The default is a static archive. Shared builds export only the documented API (everything declared with CFIBER_EXPORT in the public headers) and hide everything else via -fvisibility=hidden. Shared builds carry the project version as SOVERSION. The shared build is not available on the freestanding target (bare-metal Cortex-M has no dynamic loader).

If the static library will be linked into a downstream shared object, enable CFIBER_POSITION_INDEPENDENT_CODE to avoid text-relocation errors.

One caveat for shared builds: cfiber's scheduler_return_fiber symbol is overridable at link time when using the static library (a user can replace the built-in scheduler's definition with their own). That override mechanism does not work through a shared library, so projects that need a custom scheduler_return_fiber must use the static build.

Consuming as a subdirectory

add_subdirectory(external/cfiber)
target_link_libraries(my_app PRIVATE cfiber)
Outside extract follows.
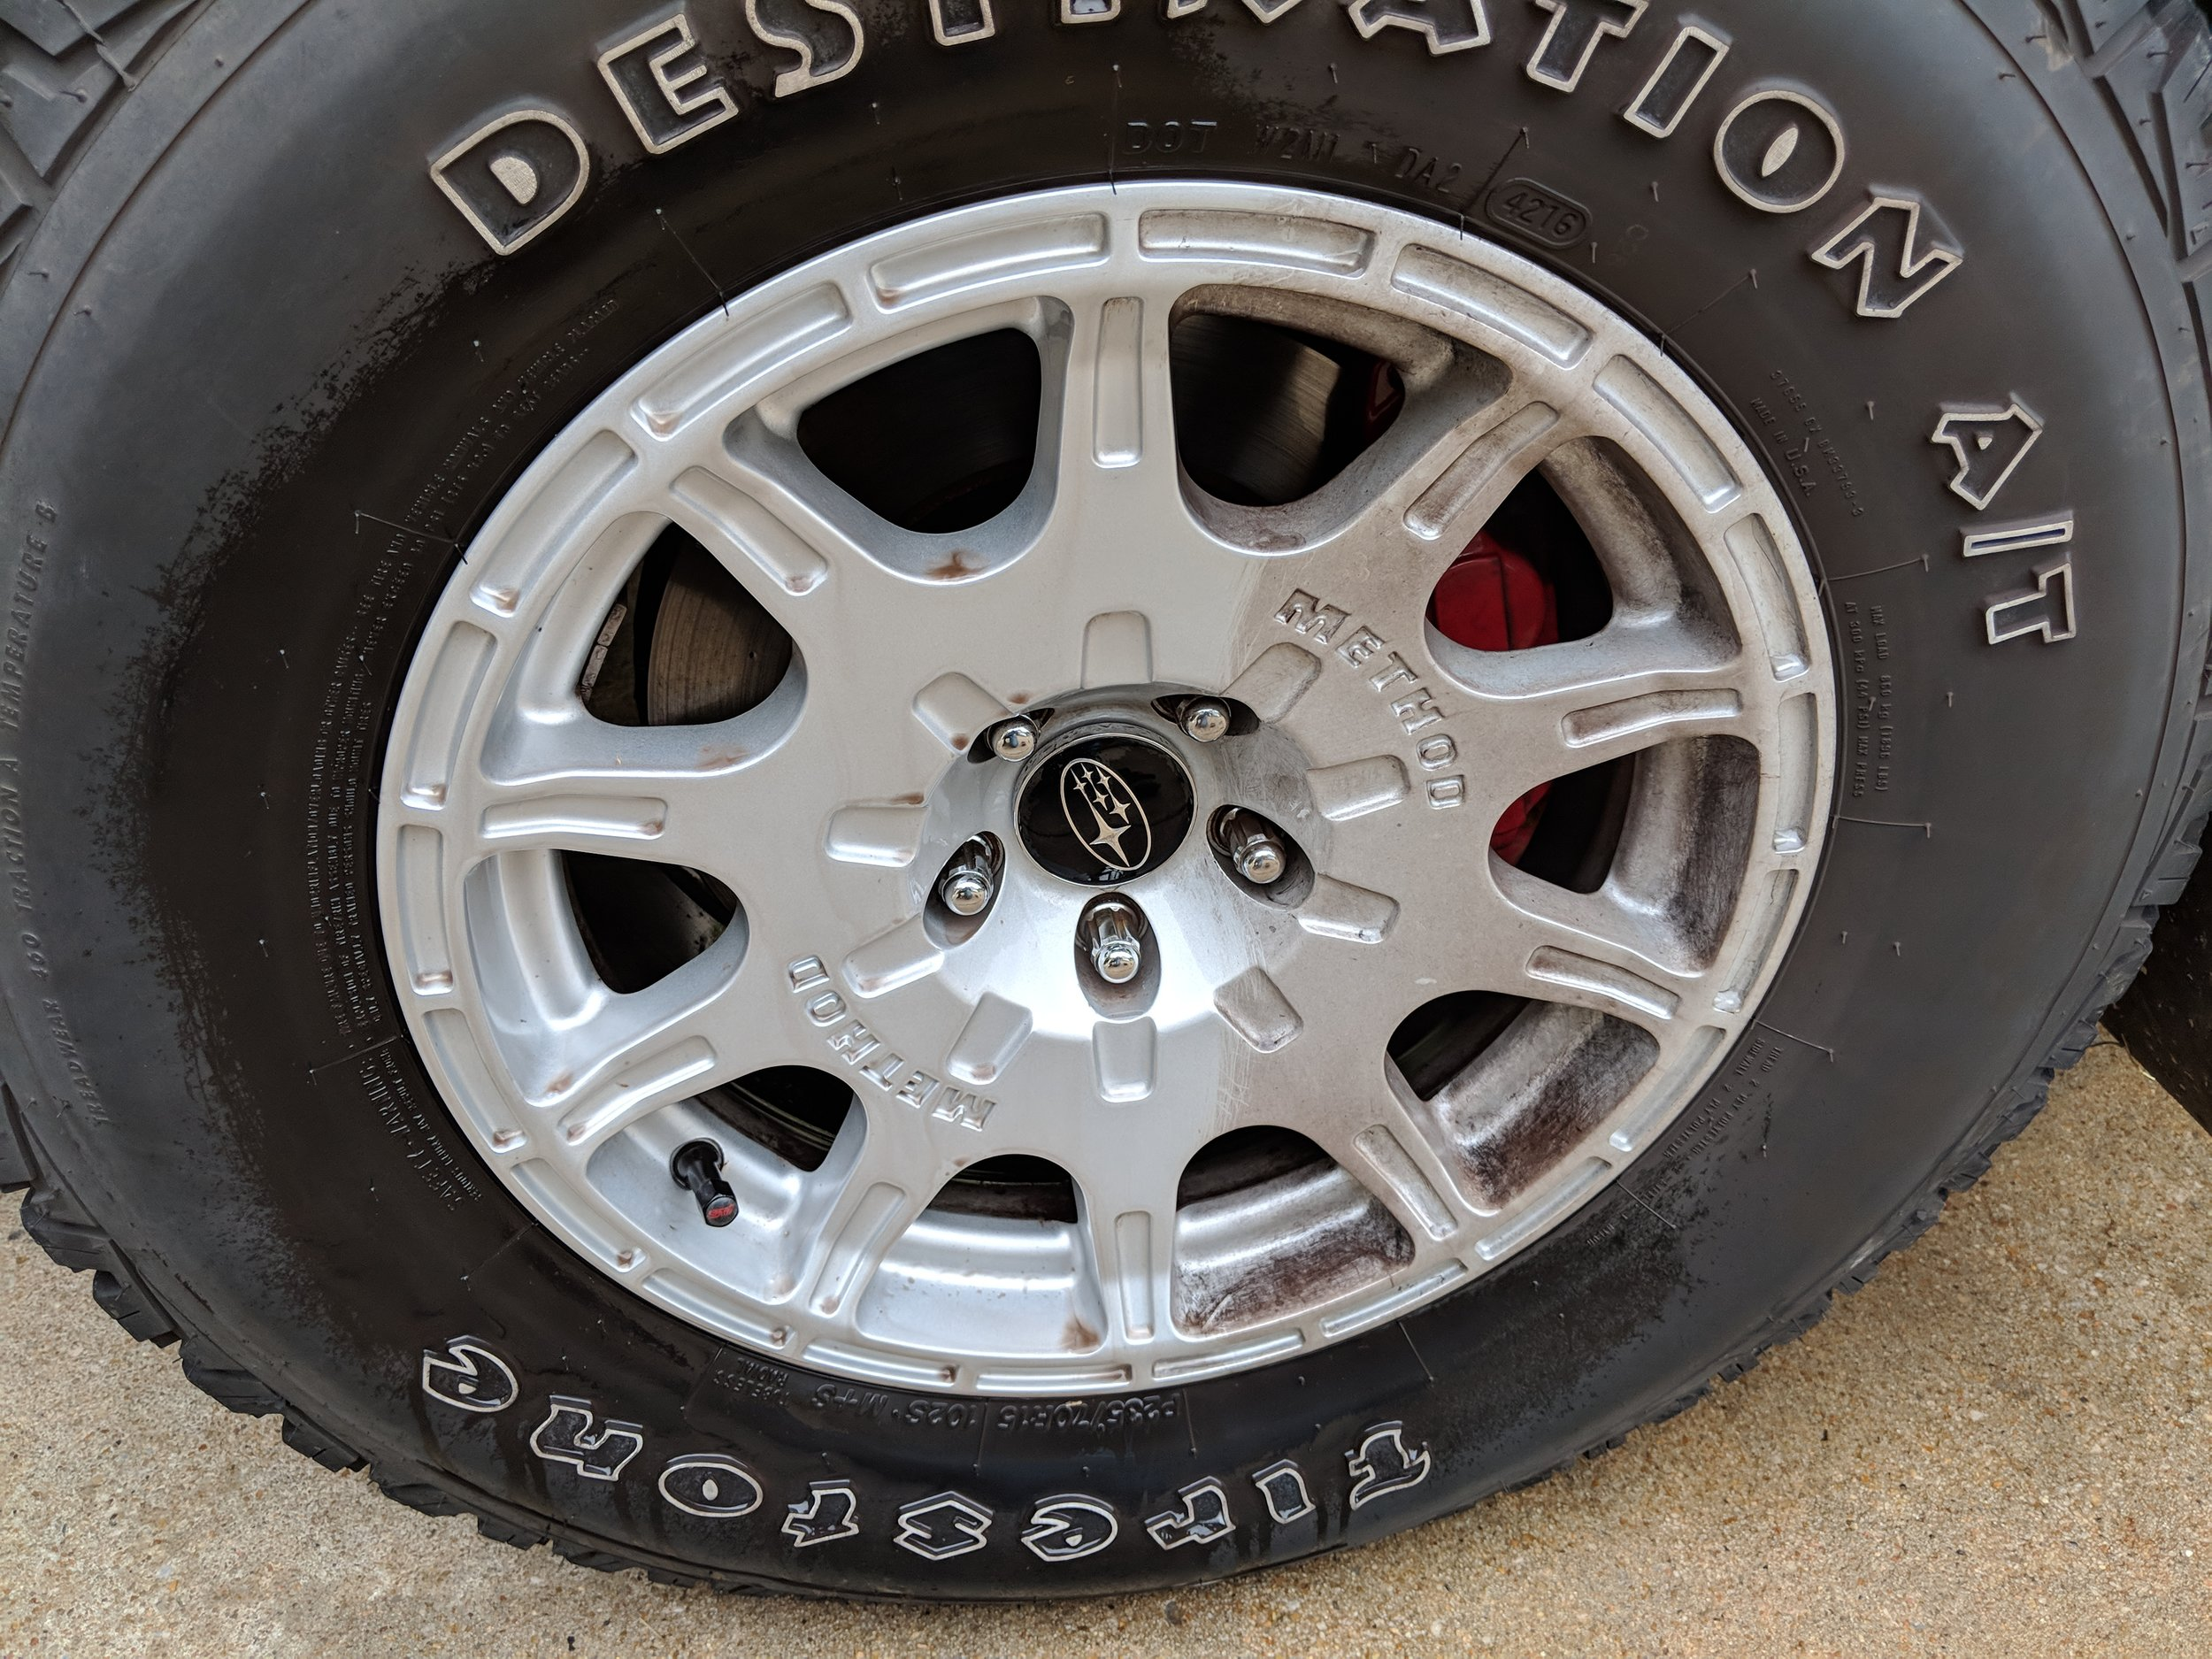 fxt dirty wheel.jpg

To switch to a shared build from a parent project:

set(CFIBER_BUILD_SHARED ON CACHE BOOL "" FORCE)
add_subdirectory(external/cfiber)
target_link_libraries(my_app PRIVATE cfiber)

Testing

Every push runs the matrix in CI (the badges above): native x86_64 under AddressSanitizer, UndefinedBehaviorSanitizer, and the canary/watermark stack sanitizer; AArch64 under qemu-user; and bare-metal Cortex-M0/M3/M4/M7 under qemu-system-arm. Run the suites locally with ctest --test-dir build (native) or ./utils/make.sh -t ... (any target, including the QEMU flows).

What is covered:

  • Context switching: per-architecture register-preservation tests for the callee-saved set (plus S16S31 on Cortex-M7F).
  • Allocators: slab and multislab: exhaustion, release/reuse, lazy growth, max_slabs caps, full/active list transitions, empty-slab hysteresis, and (via a counting backing allocator) that destroy returns every byte.
  • Scheduler: spawn / yield / completion ordering, dynamic spawning, capacity exhaustion, and leak balance across spawn/free churn.
  • Stacks: fixed-size and growable allocators, guard-page faulting, and the canary/watermark sanitizer.
  • Defensive paths: bad init parameters, double-free, and foreign-pointer release (built with -DNDEBUG so the guards return errors instead of trapping).
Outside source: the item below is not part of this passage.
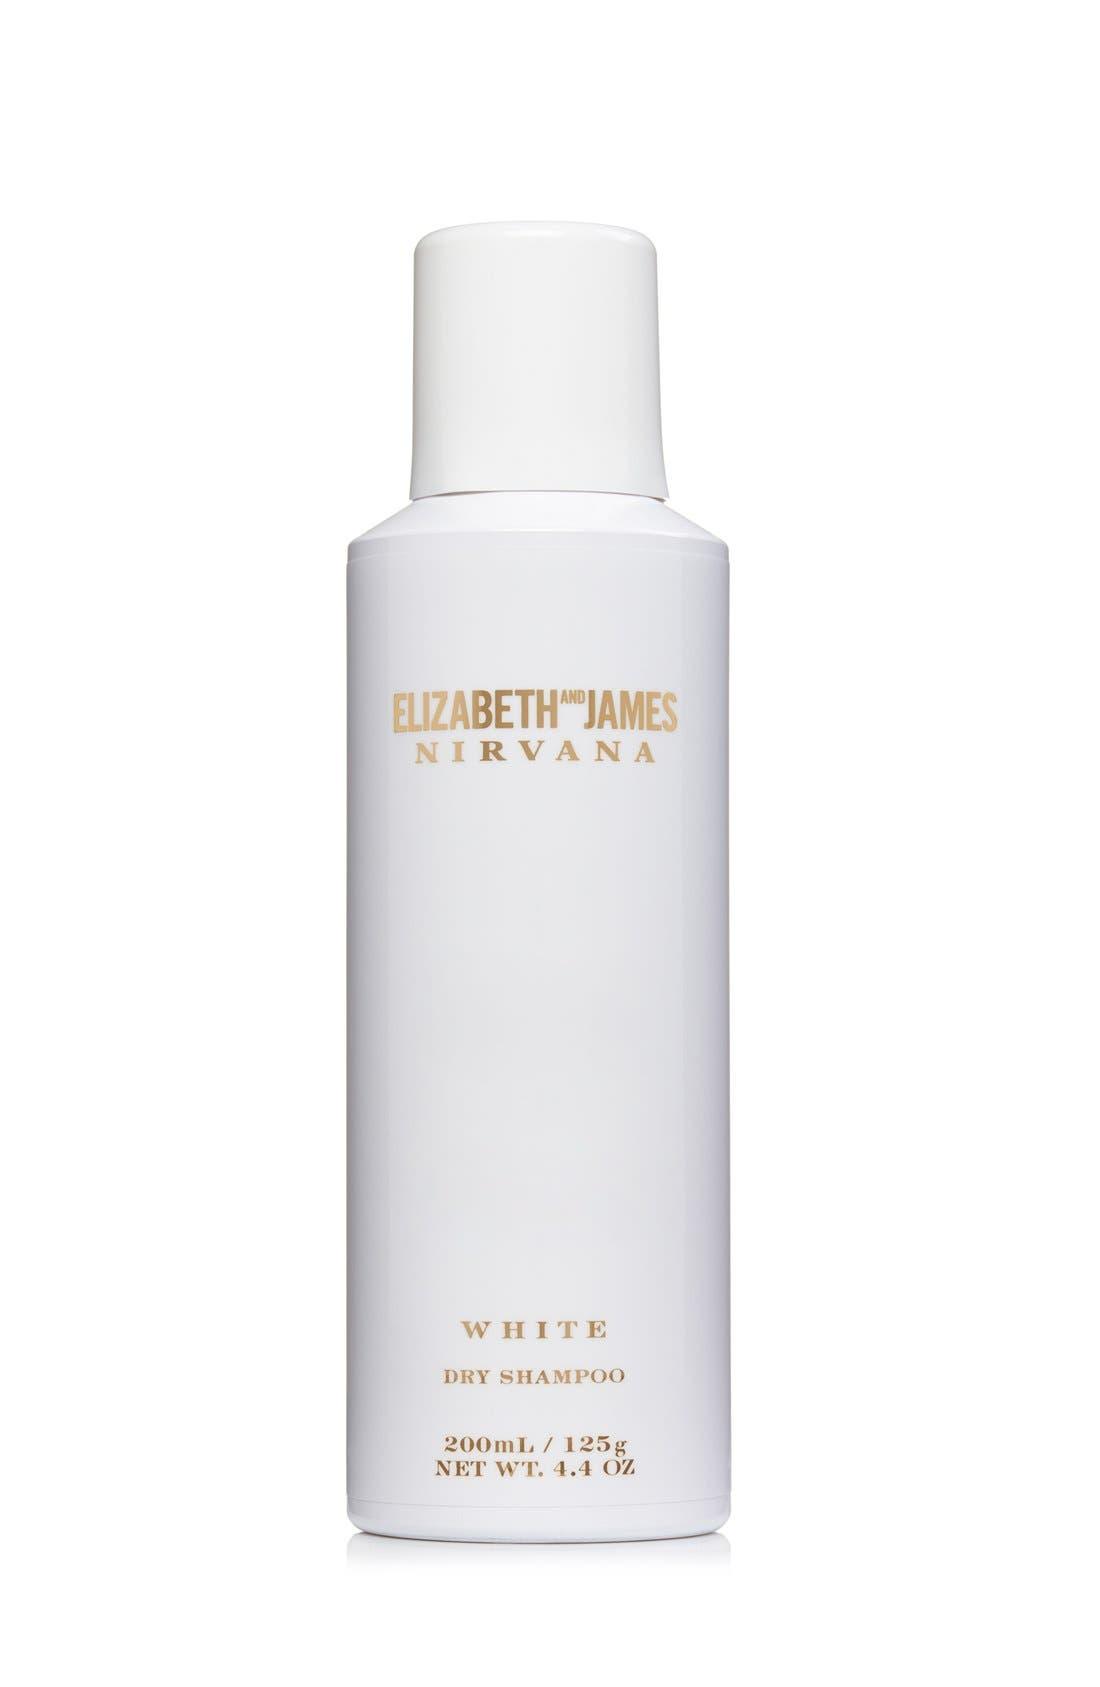 Elizabeth and James Nirvana White Dry Shampoo

Beyond the unit tests, the project leans on:

  • AddressSanitizer + UndefinedBehaviorSanitizer on hosted builds (CFIBER_ASAN, CFIBER_UBSAN).
  • Canary + watermark stack instrumentation for the no-MMU bare-metal targets (CFIBER_STACK_SANITIZER), the freestanding counterpart to ASan.
  • Coverage-guided fuzzing (libFuzzer, CFIBER_FUZZ, Clang) of the allocator and scheduler under ASan + UBSan. CI runs a short, time-boxed smoke pass; the same targets can be run longer locally against a persisted corpus; see fuzz/README.md.
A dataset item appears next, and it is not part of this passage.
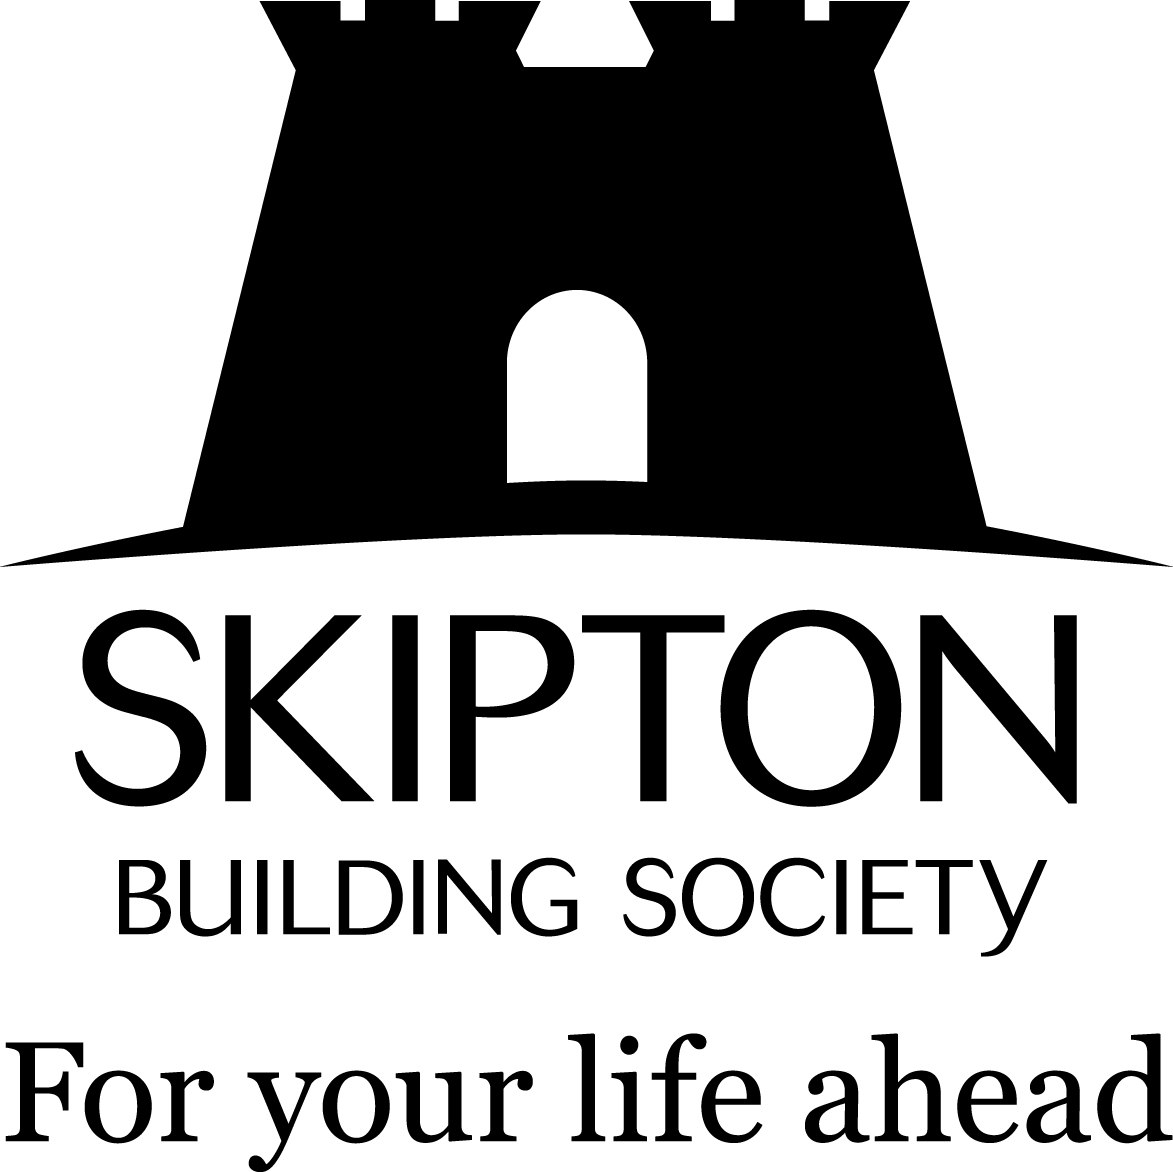 Image library - Skipton Building Society

This is a young library, so treat it accordingly: the above is what is exercised today, not a guarantee of exhaustive coverage.

Stackful vs stackless coroutines

A stackful coroutine owns a real call stack. It can yield from any point in any function it calls, including from deep inside a third-party library, and the caller's frames are paused as a whole.

A stackless coroutine is a compiler-rewritten state machine. It can only suspend at points the compiler can see, which means every function on the suspension path has to be coloured: in C++ it has to be a co_awaitable, in Rust it has to be async. Calling synchronous code from async code is fine; calling async code from synchronous code is not. The colour propagates outwards through every caller until it reaches main.

cfiber avoids that. A fiber's body is an ordinary C function and any function it calls is also ordinary C. That makes it easy to turn an existing blocking codebase into a cooperative one: keep the call sites the same and hook the blocking syscalls (read, write, accept, ...) so that, instead of blocking the thread, they register interest with a poller and yield the current fiber. When the poller wakes the fiber up the syscall returns its result and the caller is none the wiser.

That flexibility is not free, and stackless coroutines remain the better fit for some workloads. A stackless coroutine's saved state is a small, compiler-known struct, often well under 100 bytes, packed contiguously with its siblings. A fiber, by contrast, owns a full stack: at minimum one page, typically several. At the scale of hundreds of thousands of concurrent tasks, that difference dominates: the stackless layout fits in cache, the stackful one does not, and resuming a fiber tends to touch a cold stack page while resuming a stackless coroutine pulls in a single cache line. If raw per-coroutine throughput on a tight inner loop is the priority, or if the working set is enormous, stackless is usually the right tool.

cfiber narrows the gap where it can. On hosted targets, stacks grow one page at a time on demand (backed by a guard-page SIGSEGV handler) so an idle fiber costs only the pages it has actually touched. On freestanding targets, the user sizes a slab of fixed stacks for the worst-case workload and pays no heap or page-fault cost at runtime. Neither closes the gap entirely; both make fibers practical for the cases where their flexibility is worth it.

Hosted example

A scheduler-managed fiber on Linux. The scheduler owns both the task records and the fiber stacks; nothing else needs to be allocated.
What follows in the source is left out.